• Your assignment:
Output the whole listing exactly, except for the pictures in it.

• Data shown:
= Beginning of Section =
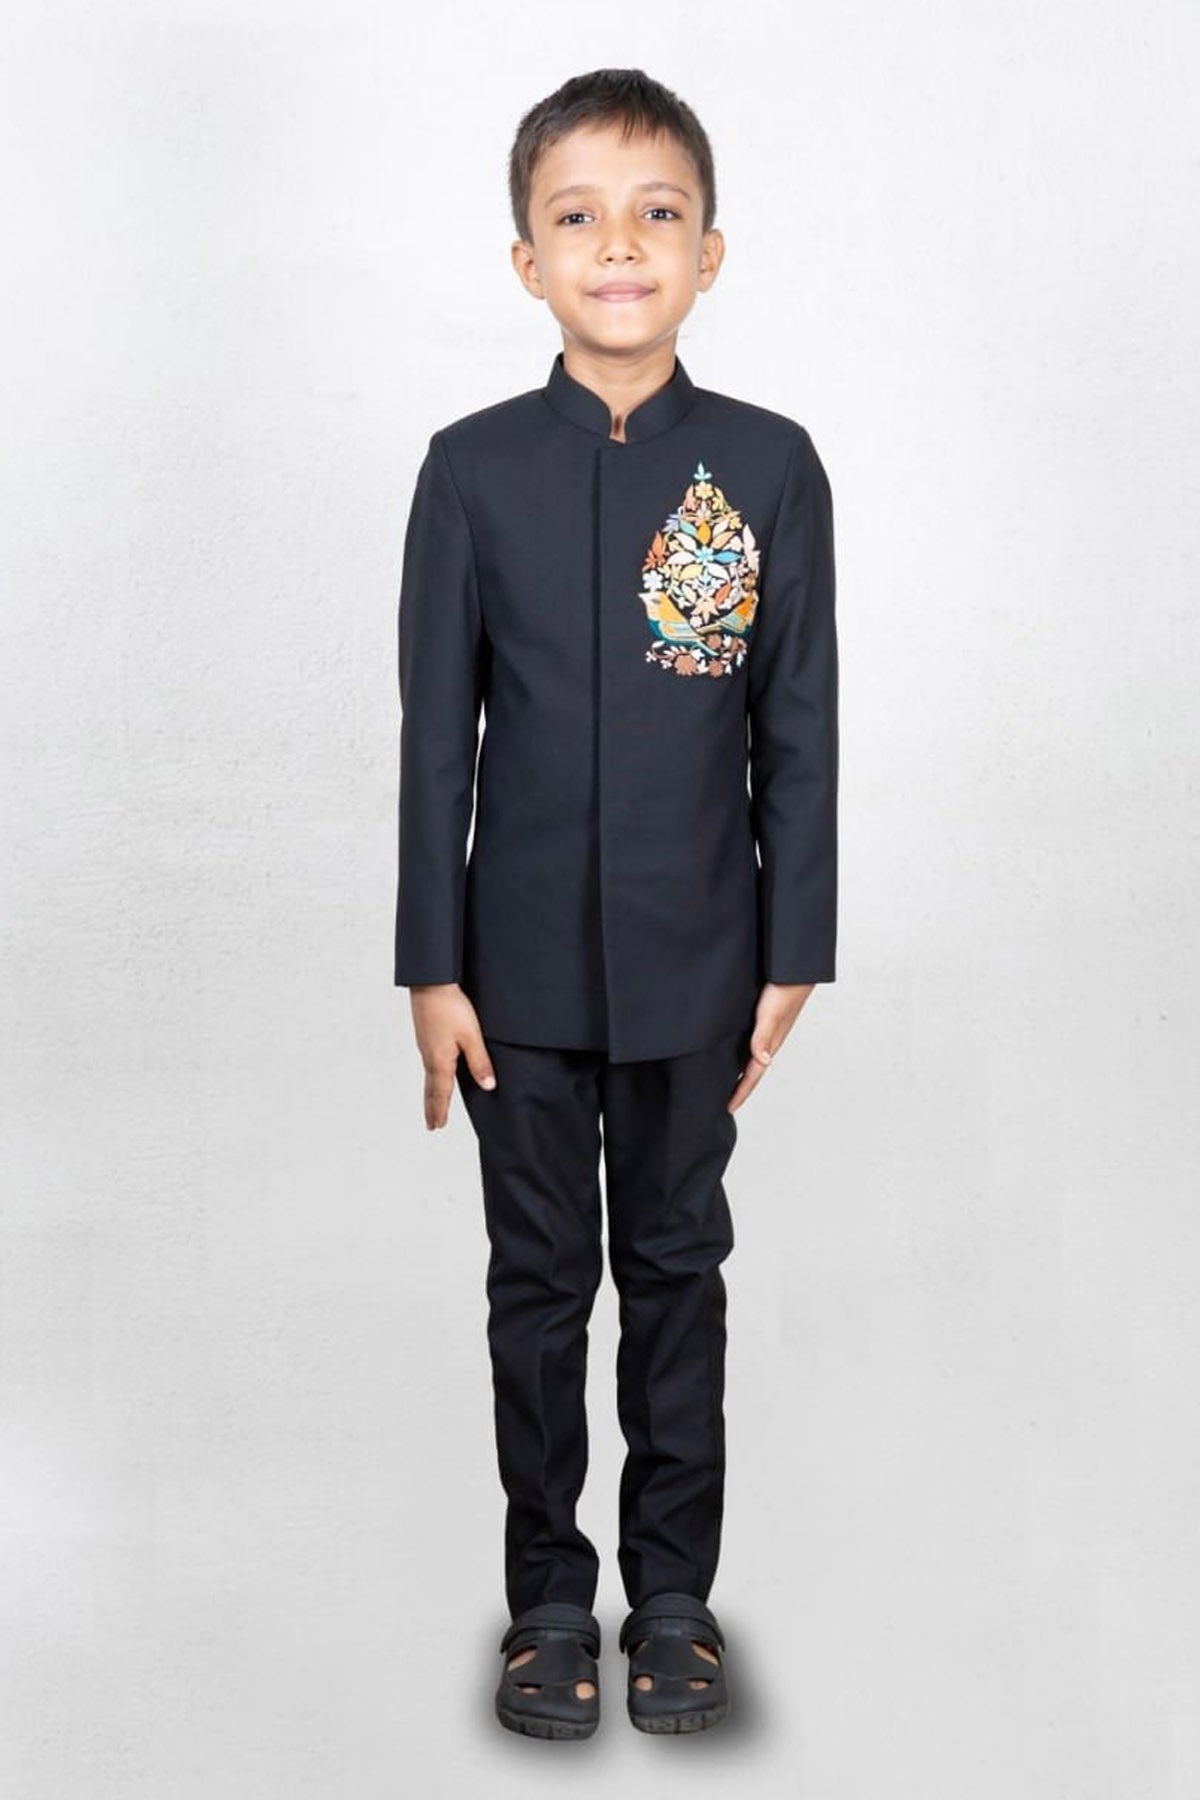 Designer Little Brats Bird Embroidered Black Suit For Kids Available online at ScrollnShops
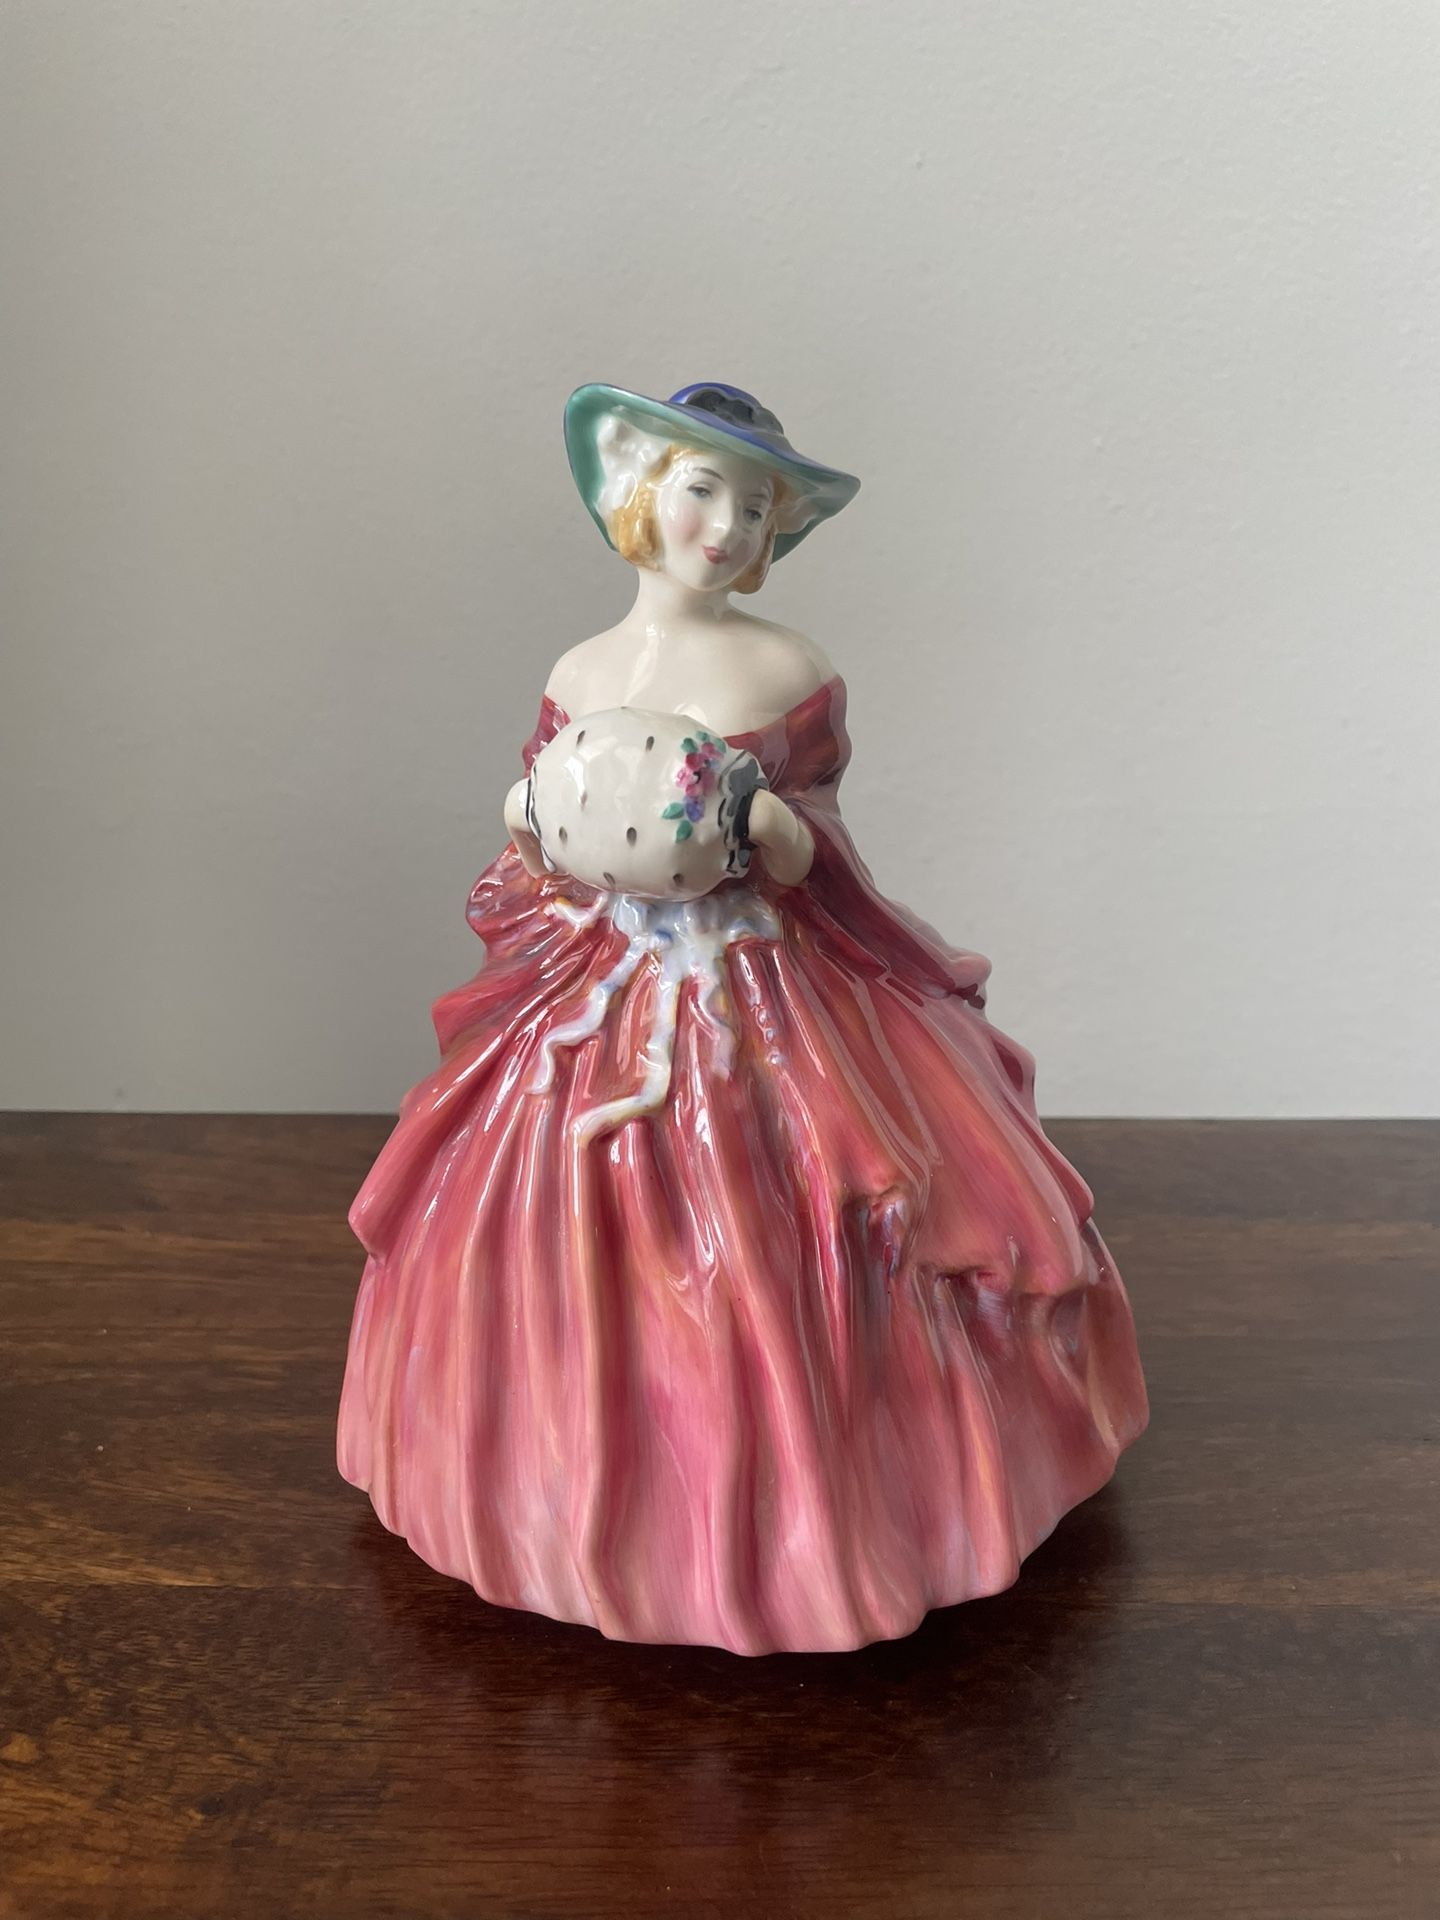 Royal Doulton Porcelain Figurine “Genevieve” 1962
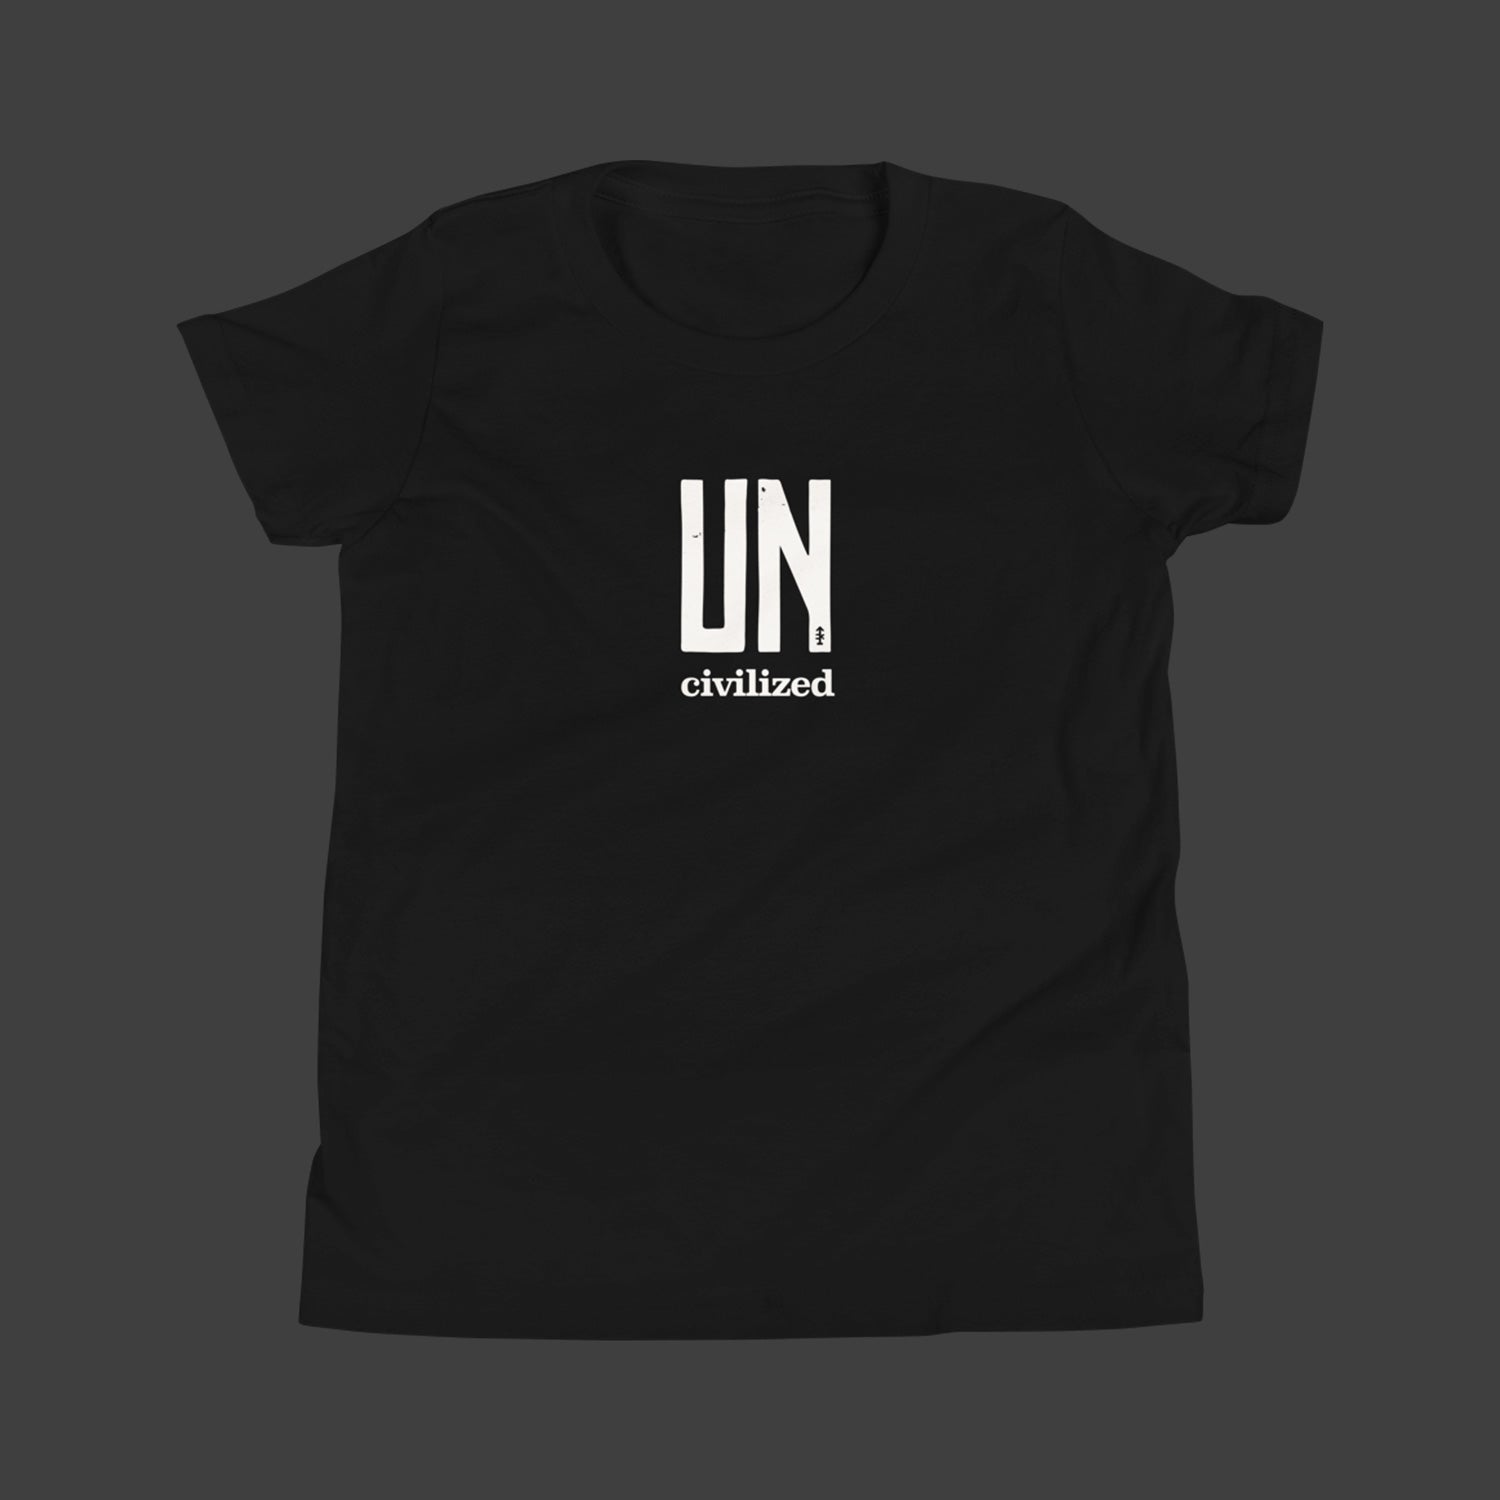 Youth UNcivilized T-Shirt (Black)
= End of Section =
• The answer:
 Designer Little Brats Bird Embroidered Black Suit For Kids Available online at ScrollnShops
 Royal Doulton Porcelain Figurine “Genevieve” 1962
 Youth UNcivilized T-Shirt (Black)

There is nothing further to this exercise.